**Instructions to follow:**
Copy all the lines of the listing below exactly. Skip the images.

**Collected material:**

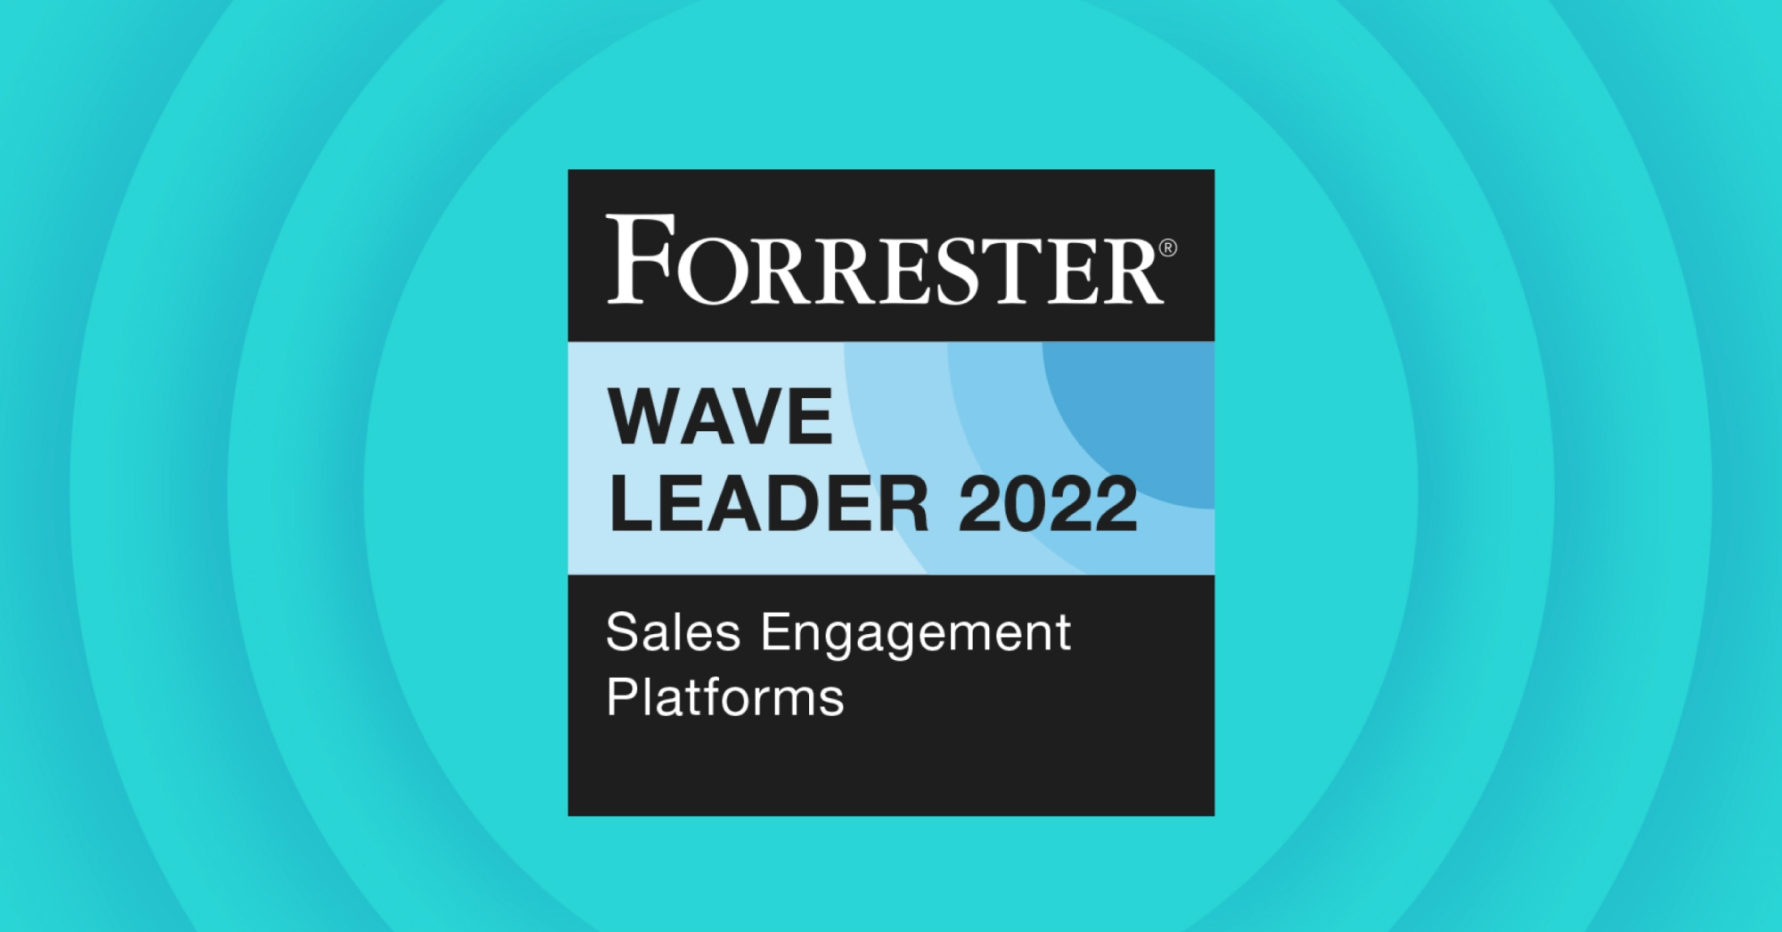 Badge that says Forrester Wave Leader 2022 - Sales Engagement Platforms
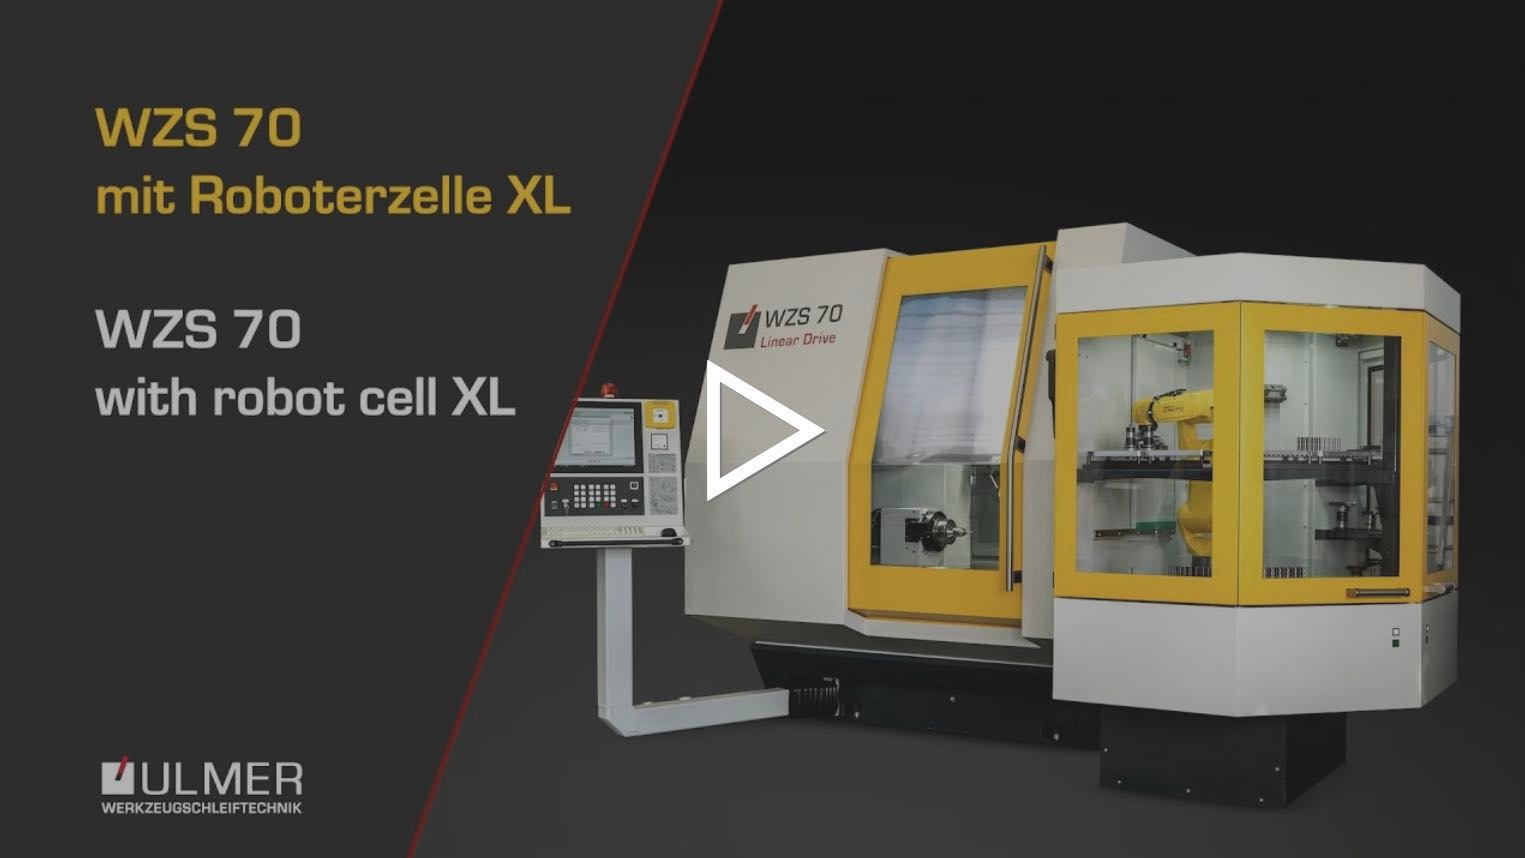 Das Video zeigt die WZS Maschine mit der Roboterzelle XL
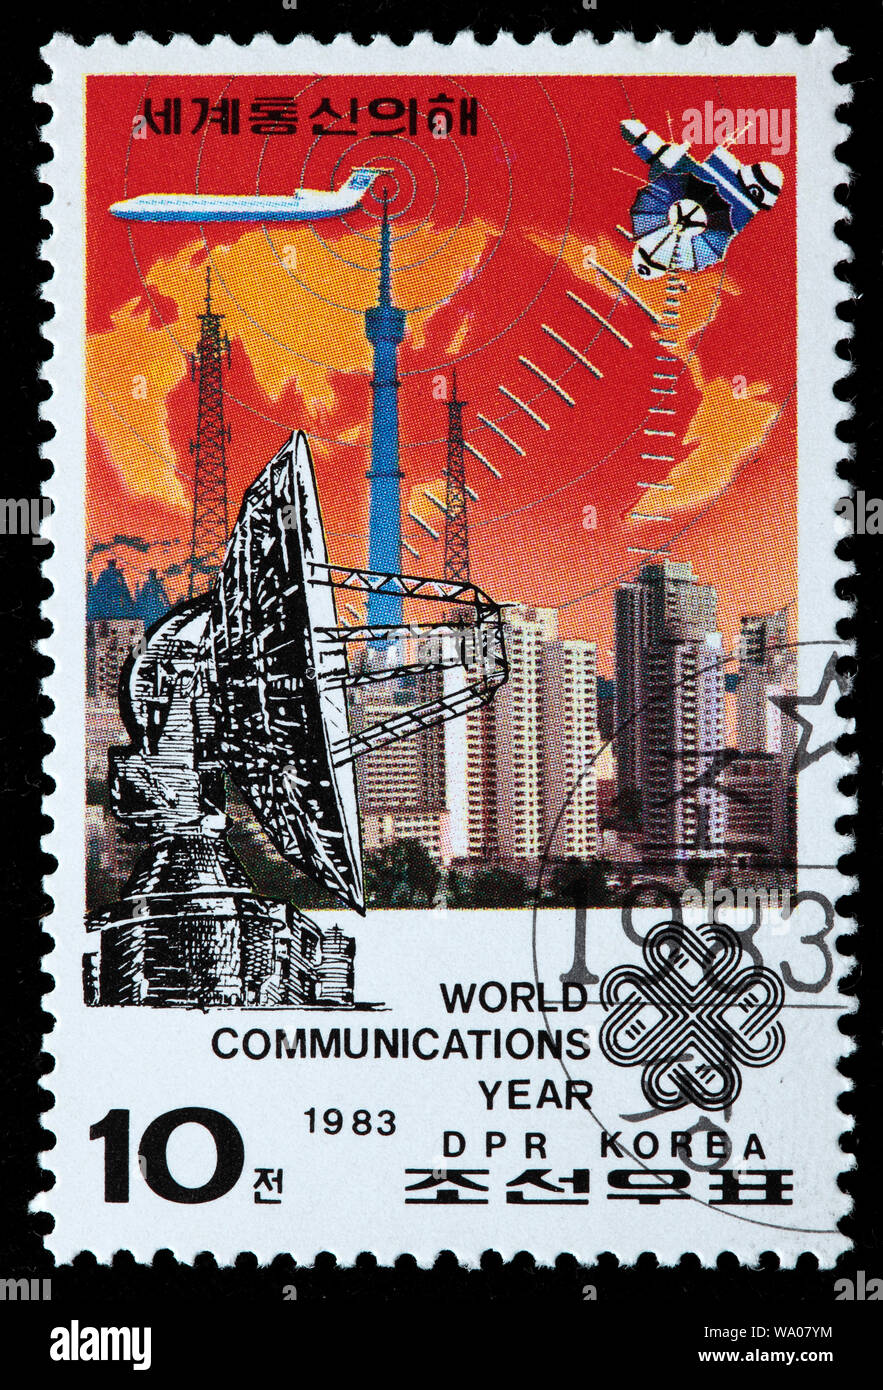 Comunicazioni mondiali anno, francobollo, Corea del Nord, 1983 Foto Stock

**Answer space:**
 Badge that says Forrester Wave Leader 2022 - Sales Engagement Platforms
 Das Video zeigt die WZS Maschine mit der Roboterzelle XL
 Comunicazioni mondiali anno, francobollo, Corea del Nord, 1983 Foto Stock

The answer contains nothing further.